On 2 June 2010 13:36, Craig Ringer <craig@postnewspapers.com.au> wrote:
>>
>> Really? That seems like an *incredibly* arduous requirement.
>> Intuitively, I find it difficult to believe. After all, even though
>> using longjmp in C++ code is a fast track to undefined behaviour, I
>> would have imagined that doing so in an isolated C module with a well
>> defined interface, called from C++ would be safe.
>
> Not necessarily. It's only safe if setjmp/longjmp calls occur only
> within the C code without "breaking" call paths involving C++.
It isn't obvious to me that your suggestion that C++ functions that
invoke jumping pg code use only POD types, but manipulate C++ types
through pointers helps much, or at all. RAII/SBRM is just another
memory management strategy (albeit a very effective, intuitive one).
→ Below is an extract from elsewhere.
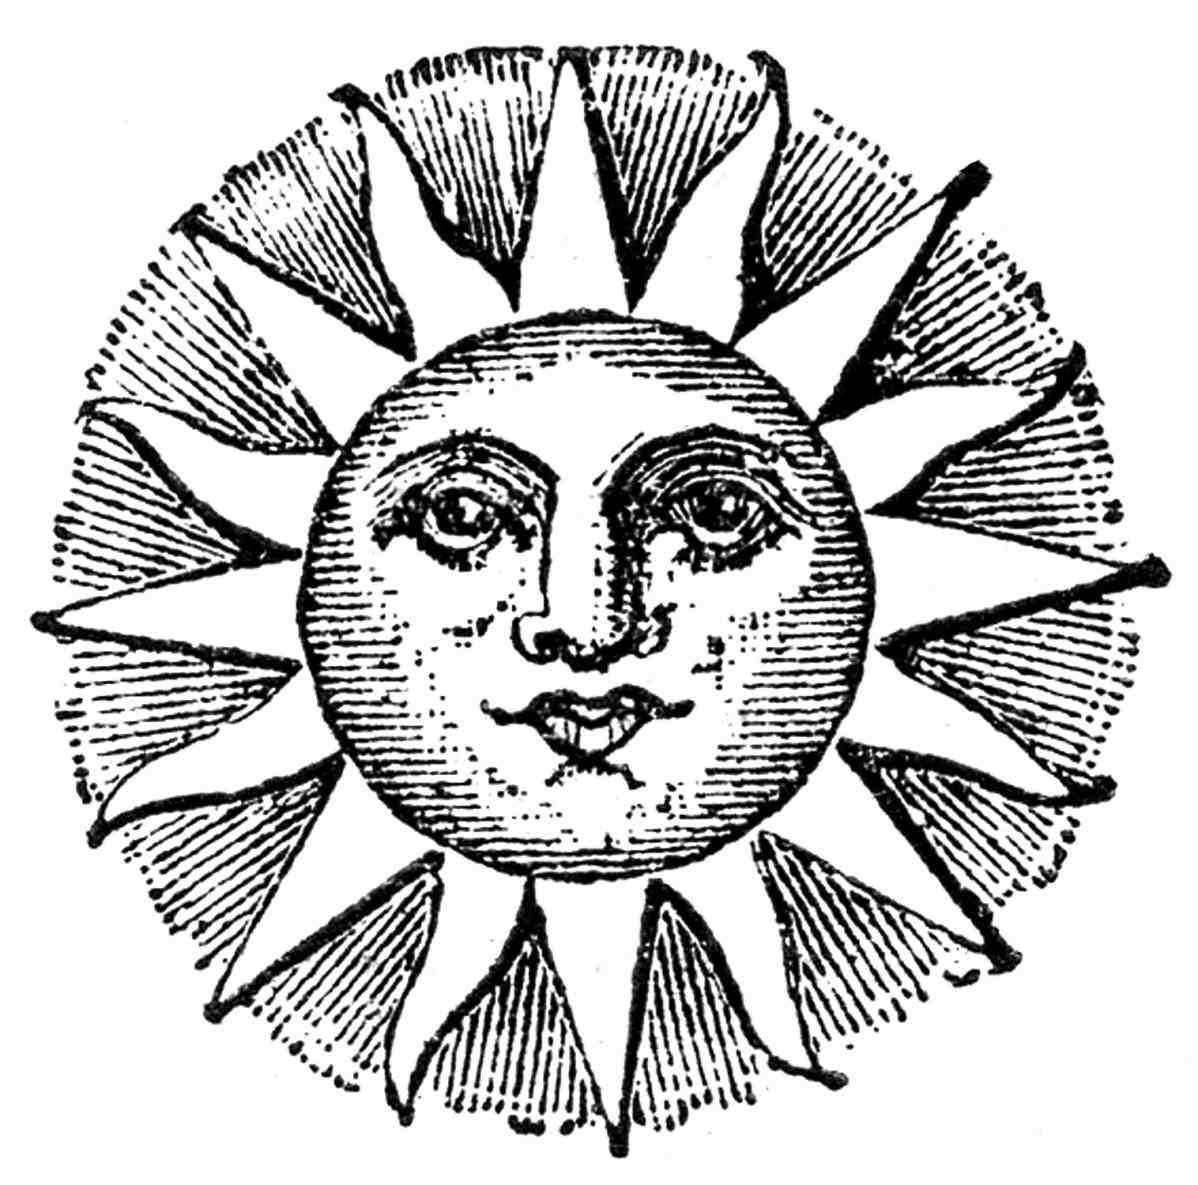 cool sun and moon drawings › copay.online

It's basically equivalent to the compiler generating calls to a
constructor when an object is instantiated, and to a destructor when
the object goes out of scope. So, how your concern fundamentally
differs from the general case where we're managing resources (but not
through memory contexts/palloc) explicitly, and risk being cut off
before control flow reaches our (implicit or explicit) destructor call
isn't clear, except perhaps that RAII gives clients what may be a
false sense of security. Sure, one is technically undefined behaviour
while the other isn't, but the end result is probably identical - a
memory leak.
>> I would have
>> imagined that ultimately, the call to the Pg C function must return,
>> and therefore cannot affect stack unwinding within the C++ part of the
>> program.
>
> That's the whole point; a longjmp breaks the call chain, and the
> guarantee that eventually the stack will unwind as functions return.
Yes, but my point was that if that occurs above the C++ code, it will
never be affected by it. We have to longjmp() *over* C++ code before
we have a problem. However, Bruce has answered the question of whether
or not that happens - it does, so I guess it doesn't matter.
Here's a radical idea that has no problems that immediately occur to
me, apart from the two massive problems that you just lost your
ability to reliably manage non-memory resources with RAII, and that
you're now in the realm of undefined behaviour:
Re-implement global operator new() and friends in terms of palloc and
pfree. This sort of thing is often done for C++ application
frameworks.
It makes me queasy that by doing this, we're resorting to undefined
behaviour in terms of the C++ standard (destructors are never called)
as a matter of routine. What do you think? I suppose that such
undefined behaviour is absolutely intolerable. It's not a serious
suggestion, just something that I think is worth pointing out.